About the Author

Sidney Joseph Perelman was born on February 1, 1904, in Brooklyn, New York, the only child of working-class Russian Jewish immigrants with strong socialist sympathies. Soon after his birth, the family moved to Rhode Island, where his father opened a dry goods store in Providence. After the dry goods store failed, the family then purchased a chicken farm in nearby Norwood, Rhode Island. That enterprise, too, would eventually fail. In 1921, Perelman entered Brown University, where he met Nathanael West and became the editor of The Brown Jug, the campus humor magazine.

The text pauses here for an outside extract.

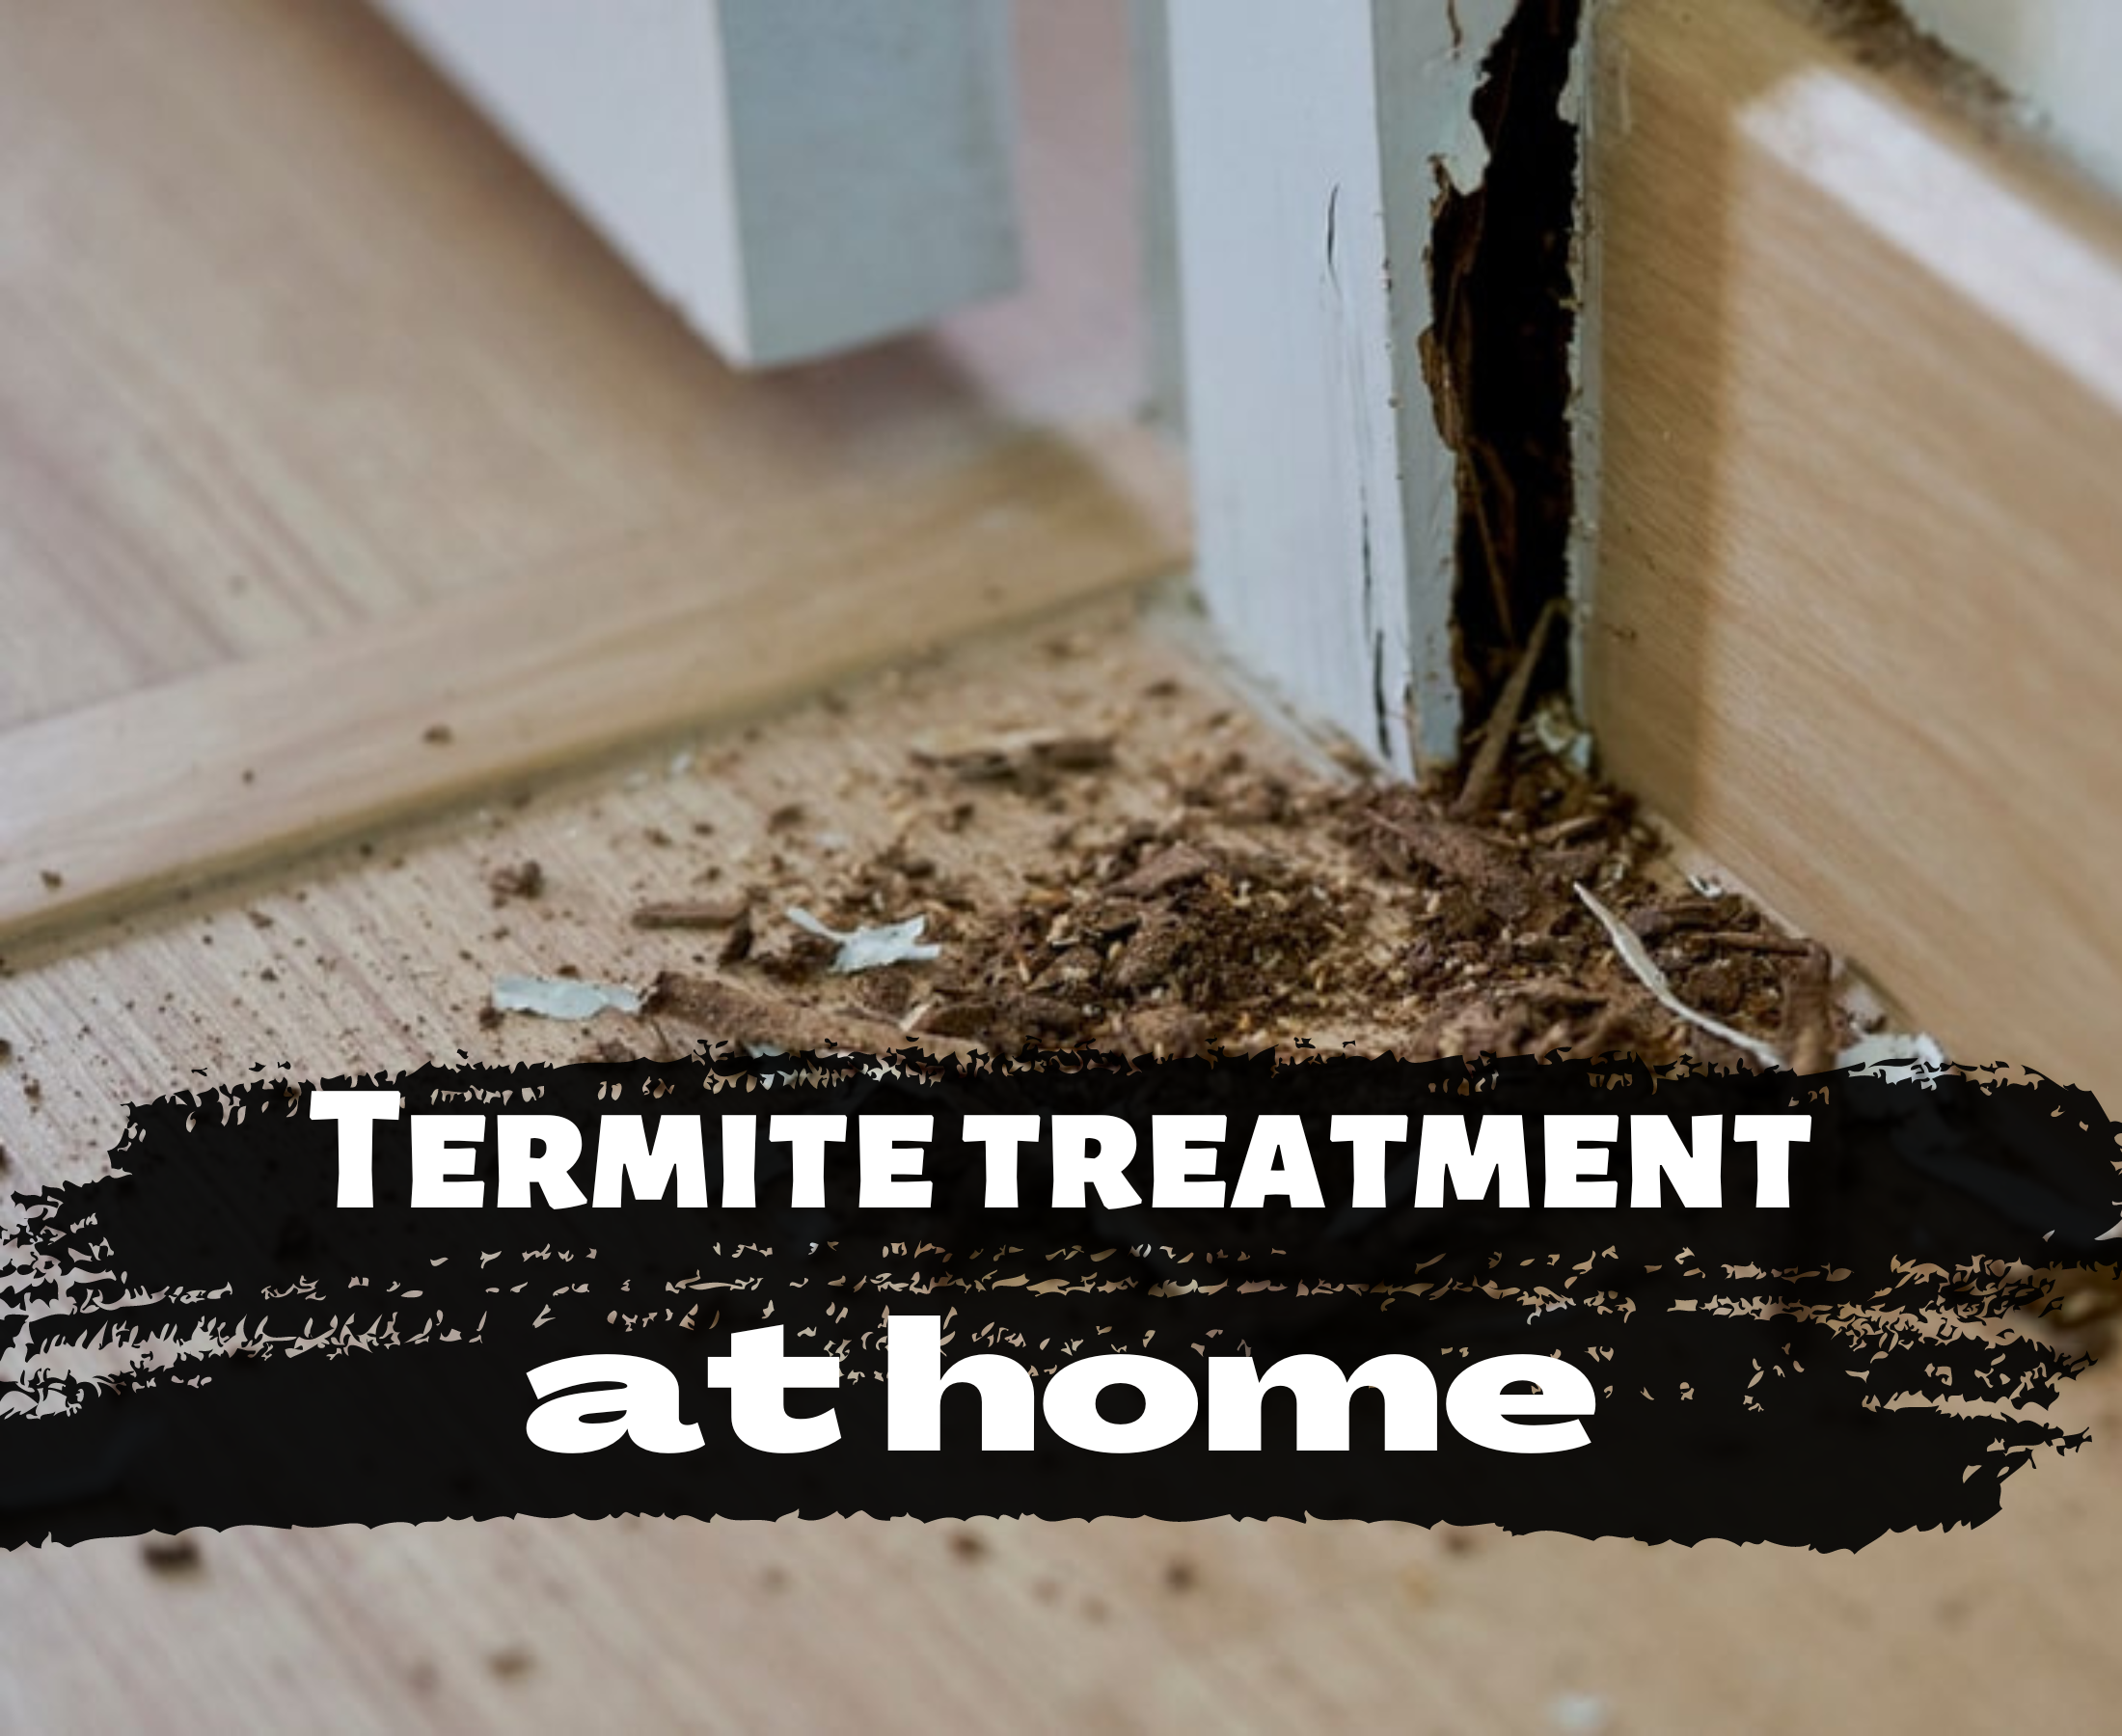 What is the best treatment for termites at home?

Falling three credits short of his college degree after flunking Trigonometry, he left Brown to take a job as a cartoonist with Judge magazine, which also provided a venue for Perelman’s short humorous sketches. In 1929, Perelman and West’s sister, Laura, married. In 1931, accompanied by Laura, Perelman traveled to Hollywood to work on the Marx Brothers films Monkey Business and Horse Feathers. Over the next eleven years, he and Laura returned to Hollywood numerous times, often working together as screenwriters. In 1932, the Perelmans (with West) purchased an eighty-three-acre farm in Bucks County, Pennsylvania (Perelman gathered his humorous pieces on the exasperations of country living in his 1947 collection Acres and Pains). In all, Perelman wrote more than 450 humorous sketches and satires, many of them published in The New Yorker. His long association with the magazine began in 1930 and continued until his death. During his lifetime, his sketches and satires were gathered in almost two dozen volumes, among them Strictly from Hunger (1937), Crazy Like a Fox (1946), Listen to the Mocking Bird (1949), The Ill-Tempered Clavichord (1952), The Road to Miltown (1957), The Rising Gorge (1961), and Chicken Inspector No. 23 (1966). In addition to his short prose pieces, Perelman wrote or cowrote several Broadway plays, including Walk a Little Faster (1932), One Touch of Venus (1943), and The Beauty Part (1962). He won an Oscar for Best Adapted Screenplay for Around the World in Eighty Days (1956), sharing the award with cowriters John Farrow and James Poe. Perelman died of a heart attack on October 17, 1979, in his apartment at the Gramercy Park Hotel.